| The task |
Your answer must be a word-for-word copy of the listing, with all pictures excluded.

| Stored data |
* * *

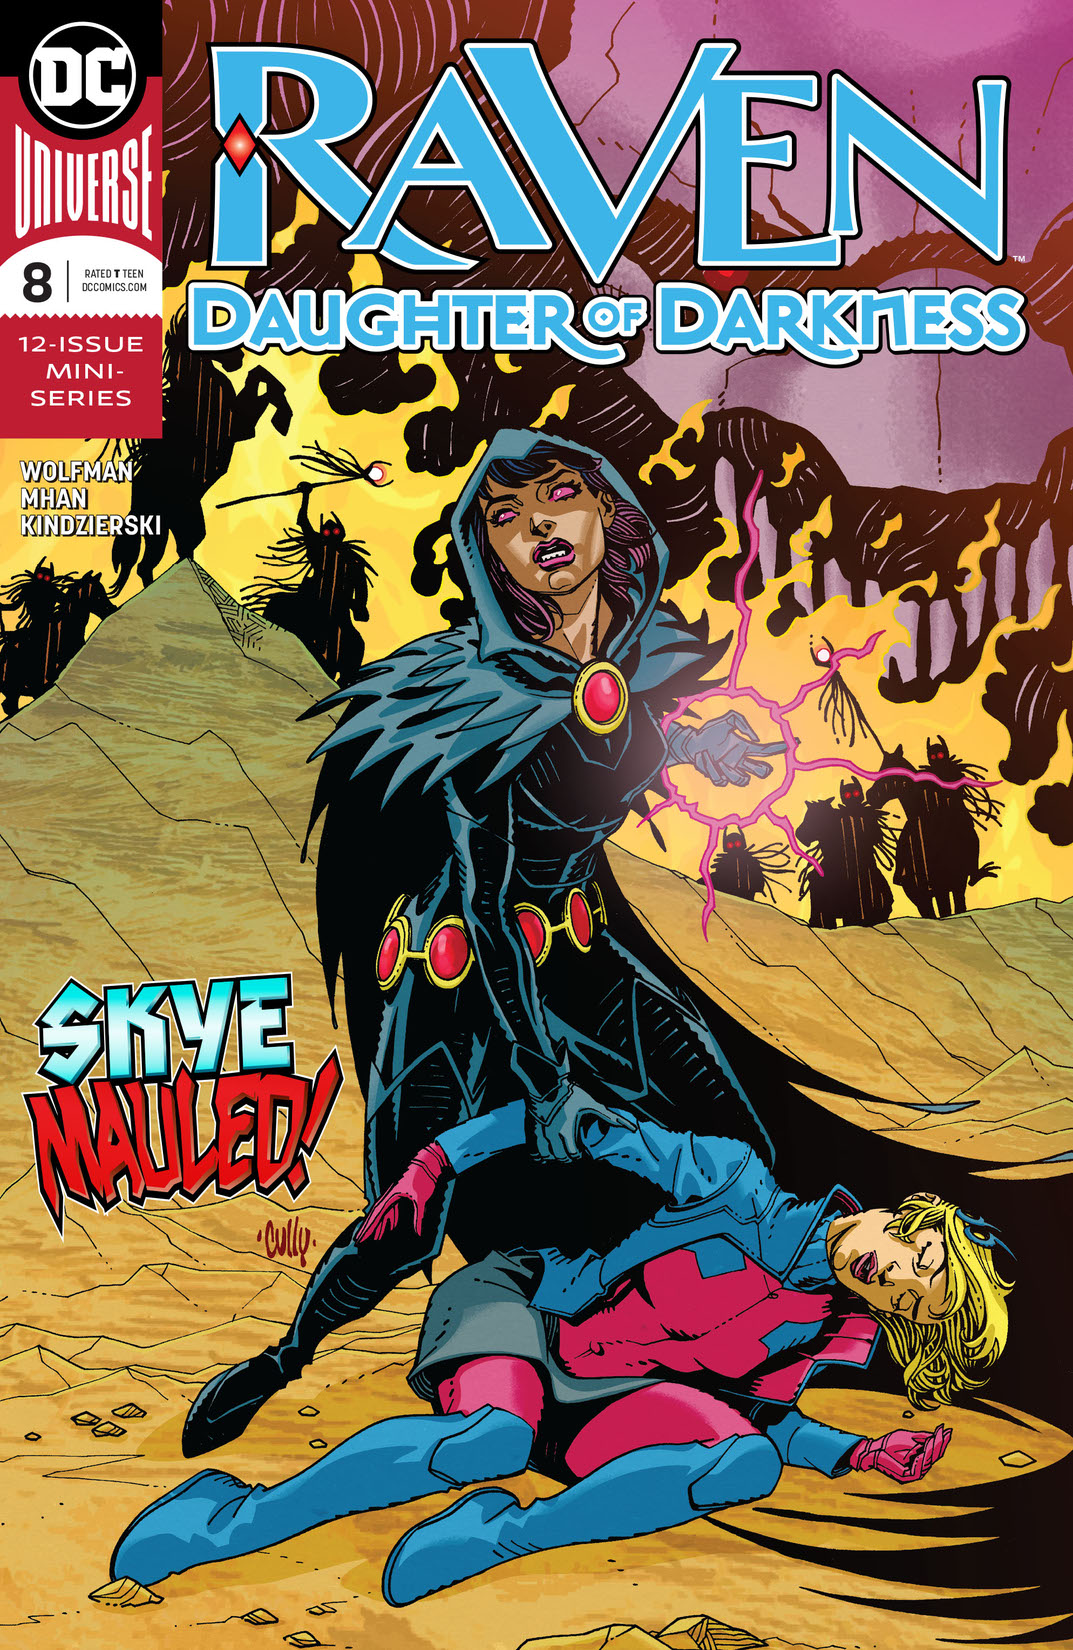 Raven: Daughter of Darkness #8 preview images
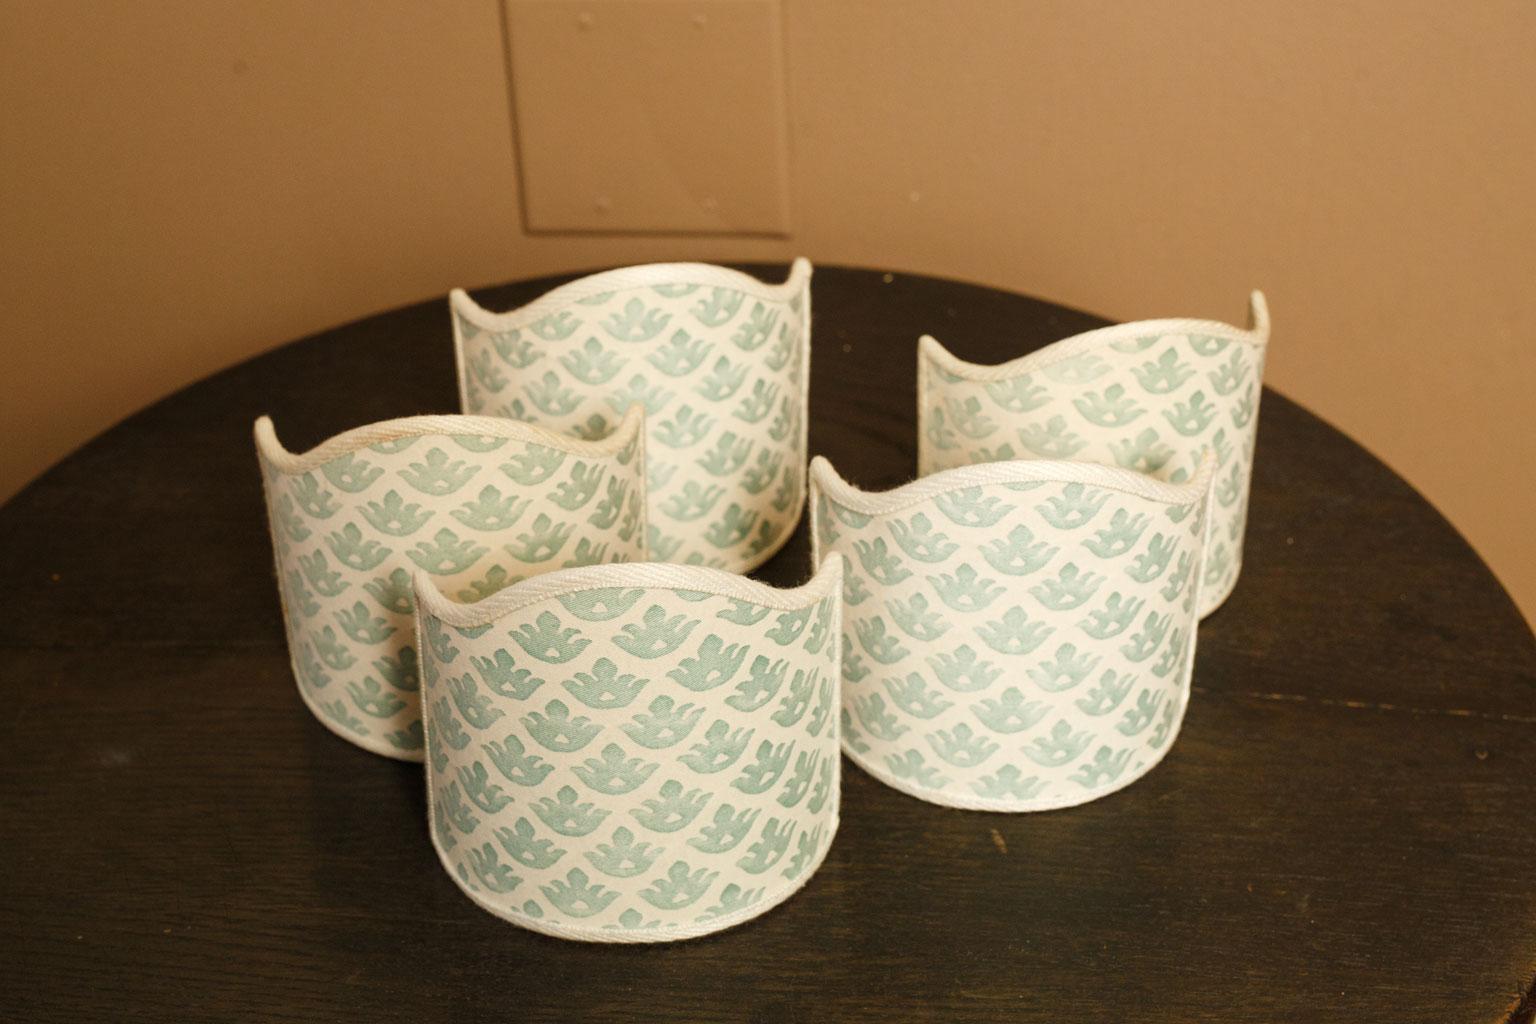 Five petite Fortuny shades in shield shape. Excellent for small table lamps or sconces. Sold as a set of five for $750.
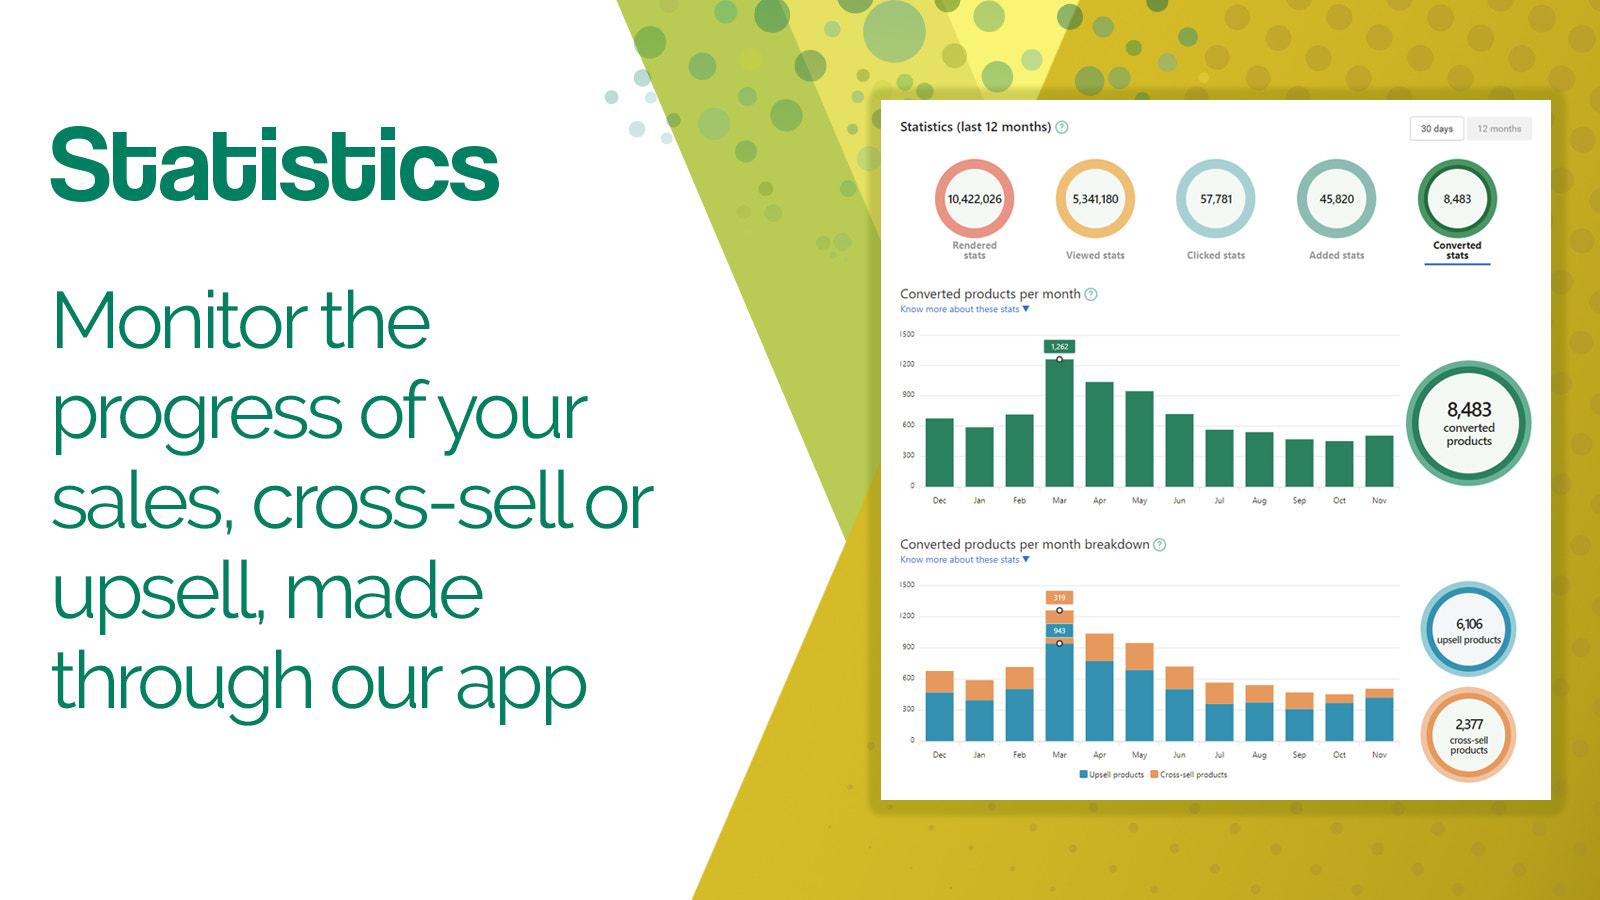 Monitor the progress of your sales made through the app

* * *

| Solved exercise |
 Raven: Daughter of Darkness #8 preview images
 Five petite Fortuny shades in shield shape. Excellent for small table lamps or sconces. Sold as a set of five for $750.
 Monitor the progress of your sales made through the app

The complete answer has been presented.